Welcome to the ninth edition of Carnival of Compassion, a weekly roundup of the "best of" recent patient blog posts.
Good advice and resources can make coping with illness a little easier.
- Professional Patient offers straightforward yet crucial advice for patients: Listen to yourself and know your body.
- ChronicBabe gives rave reviews to the book Chronically Happy: Joyful Living In Spite of Chronic Illness.
Understanding how others perceive you and your illness is occasionally more difficult than managing the illness itself. Especially if you feel abandoned.
- Wendy of AnaRunner is learning just how many people love and support her.
- Luanne’s Life Living With Lupus talks about what the disease is really like.
- Been Broken considers how his friends have responded to his recent bout of depression after he declared himself over mental illness.
I’m convinced that the plot of most movies and books can be summed up by saying, "It’s about the resiliency of the human spirit." That’s something that patients have in common, too.
- Anyone with chronic illness has to be strong, but Angel of Give Me Something to Sing About considers how useful it is to be reminded of one’s own resiliency.
- While disease takes a lot from sufferers, it also distills the importance of what remains, as Kerri of Six Until Me demonstrates.
It’s shouldn’t surprise anyone that illness instigates many unexpected changes in life.
- It has great power to change our lifelong plans, as Christine of A Savvy Career (IBS) Girl has recognized.
- After announcing that he would be back to his "old self" soon, Ron of My Hepatitis C Weblog is beginning to accept that his "new self" is here to stay.
- Something once unfathomable can become an option, as Alex describes on Pseudarthrosis.
Sometimes the little things are the most important.
- Seeing himself as different but not damaged is how a man described on Diabetes Mine was what it took for him to take care of himself.
- Finding a great doctor can make your day, as Rae of Limbodacious learned.
Being a patient can mean more than confronting illness — like confronting social issues.
- On AIDS Combat Zone, Brad shares opines about decriminalizing prostitution to reduce the spread of HIV.
- Stacy of No More Mashed Potatoes talks about recent news that represents a breakthrough for pain patients.
- Bureaucracy can be so restrictive as to turn away a patient in need.
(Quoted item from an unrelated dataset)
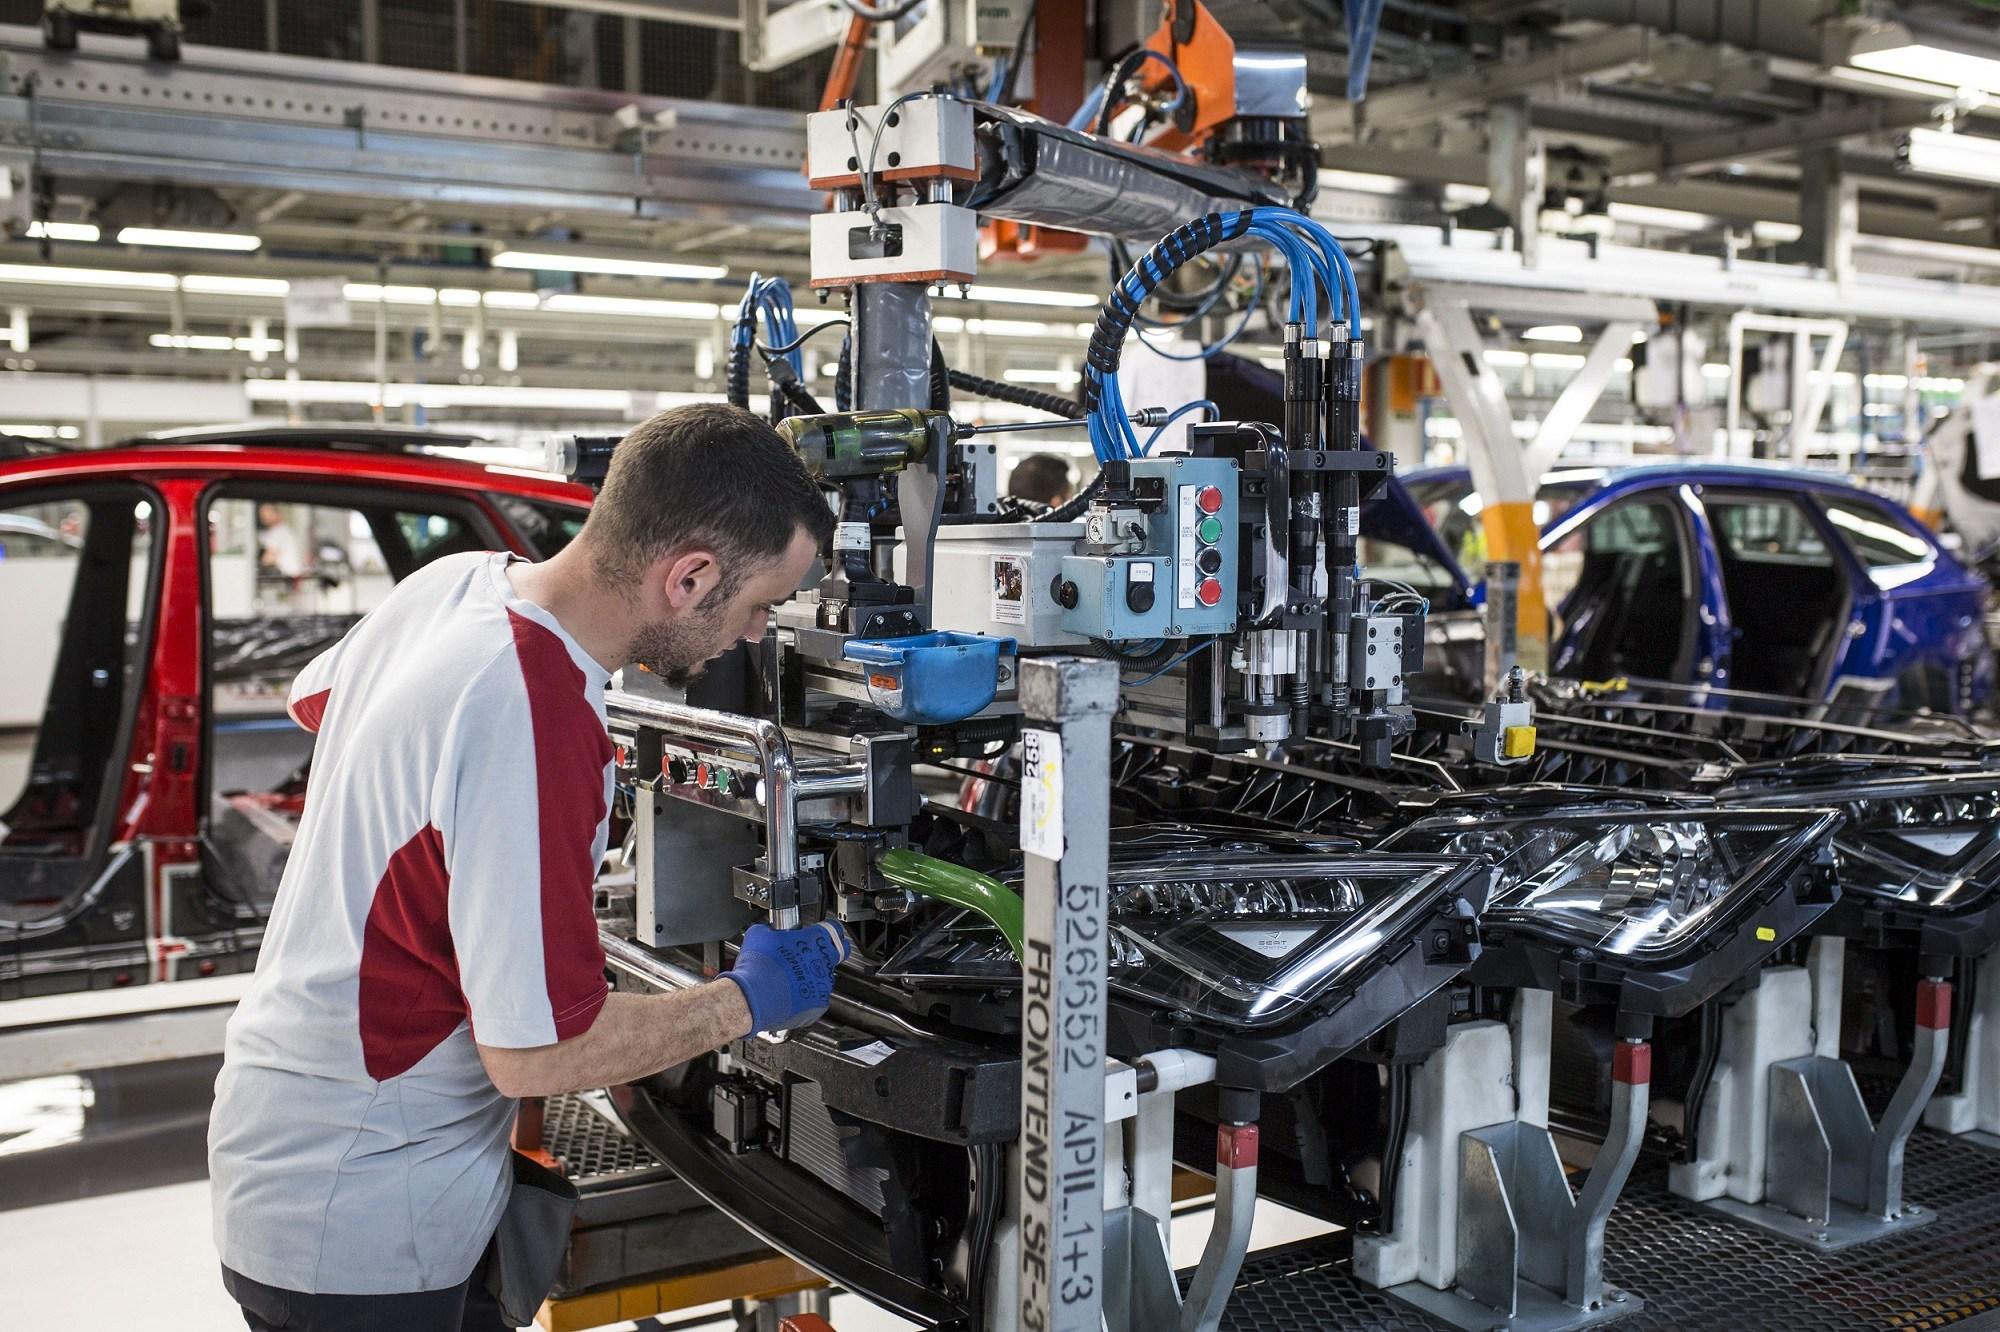 Η SEAT θα προσλάβει 150 νέους υπαλλήλους το 2018

Elisa of HealthyConcerns tells the story.
- Multiple Mentality ponders whether medication or mindset is helping his depression. He also examines the implications of "the weakest argument ever" to not vaccinate against a disease. [9/21/06: This blog is no longer active]
When someone becomes a caregiver, his or her life changes significantly. I’m sharing these blogs in honor of all the selfless people who assume the role.
- Grammie Debbie, who has a bright outlook on her role as a caregiver, wonders just how many times a cup of coffee can be reheated in the microwave.
- Do doctors know best? Or do parents? Elisa of HealthyConcerns explores these questions.
- Cary from Cancer News Watch reminds patients of the importance of doing something they love to keep their spirits up.
- Caregiver Tips reminds caregivers and patients alike that doing and being one’s best erases the "coulda, woulda, shoulda."
- Cerin Amroth isn’t about someone with illness or that person’s caregivers, but this post has a great example of how everyone is a caregiver. It reminded me that I’m a caregiver as much as a caretaker, just in a different way.
To end on a light note…
- Meds are often at the forefront of managing illness. Listen to the Drugs Song, shared on Blacktriangle, for a laugh.